Called the PHOCNOSIS Project, experts from St George’s, University of London are involved in designing the device and will test the prototype when it is created.

Professor Paul Collinson, from St George’s, University of London, said there is currently no portable device that is sensitive enough to detect heart damage without sending blood to the lab.

He said being able to rapidly diagnose heart disease would change people’s experiences of hospitals.

“We are focusing on heart disease as it is the largest single medical condition that brings people to hospital. But of the people who come in with suspected heart attacks, 70% do not have one” he said.

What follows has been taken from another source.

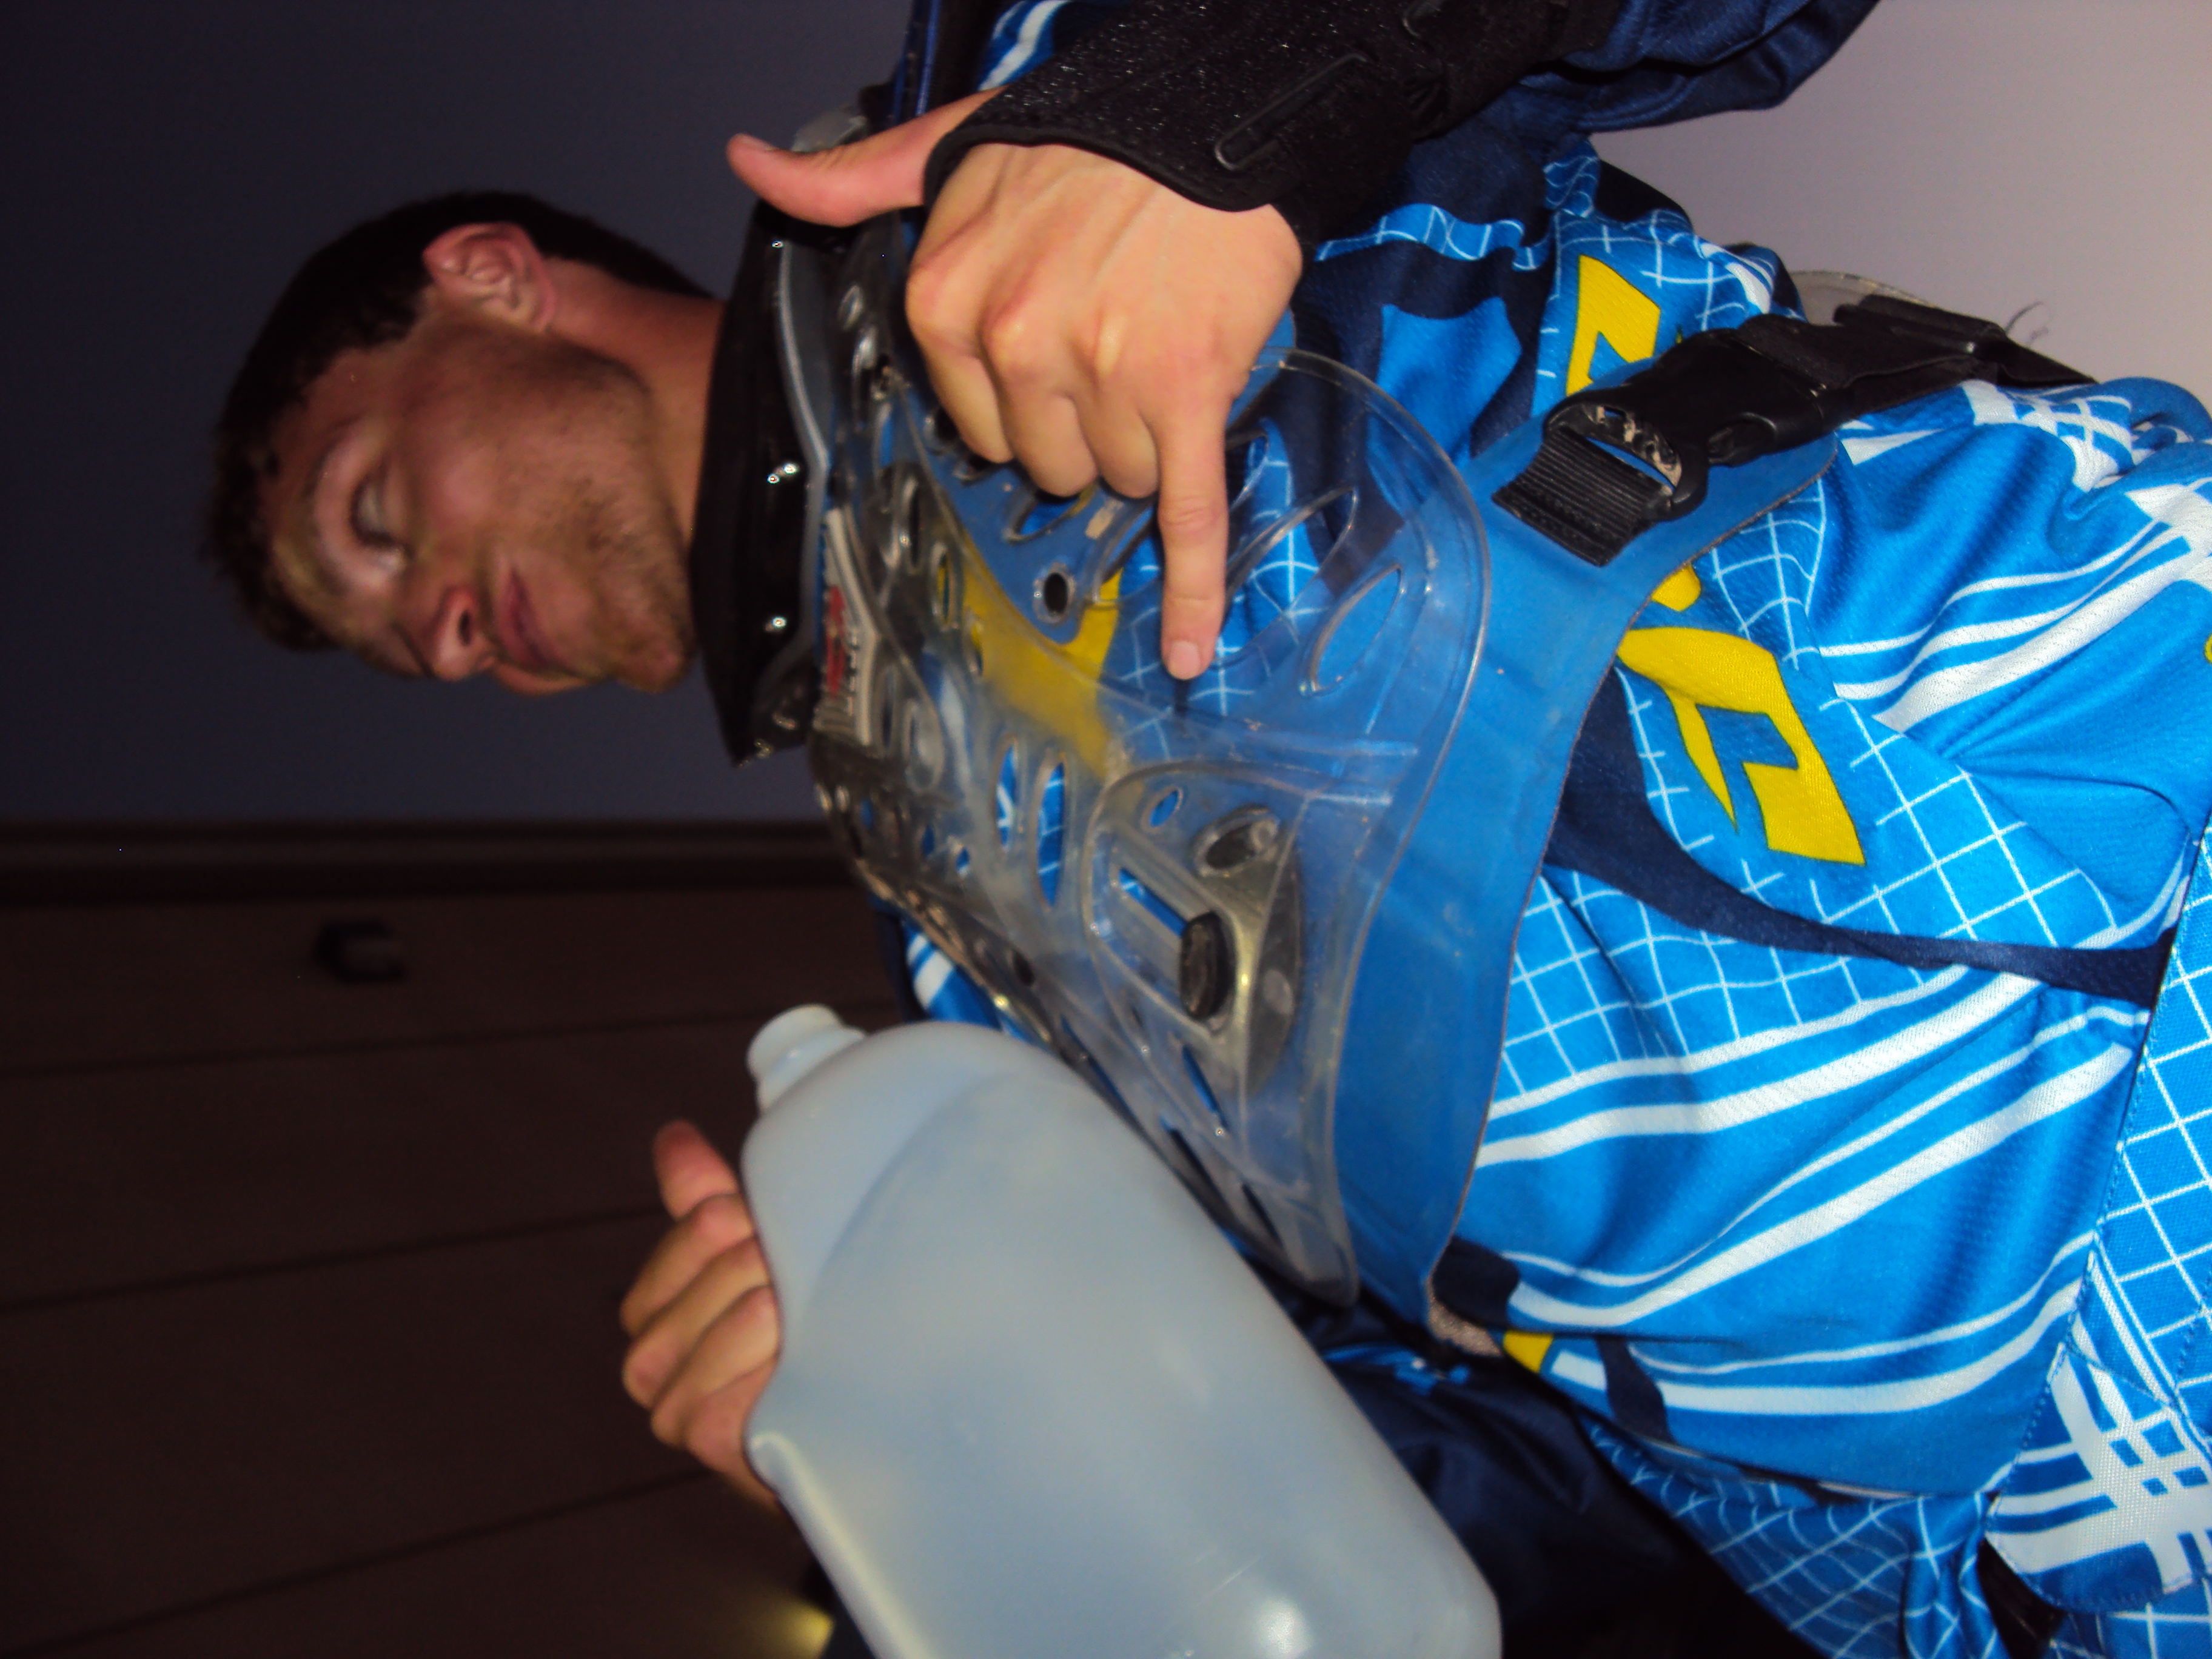 Water, check. New One Gear, Check. Wrist Brace, Check. Hang Loose.

“The ability to do testing when I’m next to the patient and make a decision has a lot of benefits. It will give patients a better experience as they won’t have to wait in hospital beds for results.”

The device is being developed at Polytechnic University of Valencia using a new nanophotonic sensing technique to detect markers of heart disease. Each test would cost less than £3.

Blood tests account for 70% of medical decisions and clinical trials have shown that patient satisfaction is improved when results are delivered quickly.

The project is funded by the European Union Horizon 2020 program and involves the Polytechnic University of Valencia, Bionos Biotech SL  and Genera Biotech SL (Spain), Fraunhofer-Gesellschaft and CDA GmbH (Germany), University of Twente (Netherlands), University of Aalborg (Denmark), EV Group GmbH (Austria) and Art of Technology AG (Switzerland).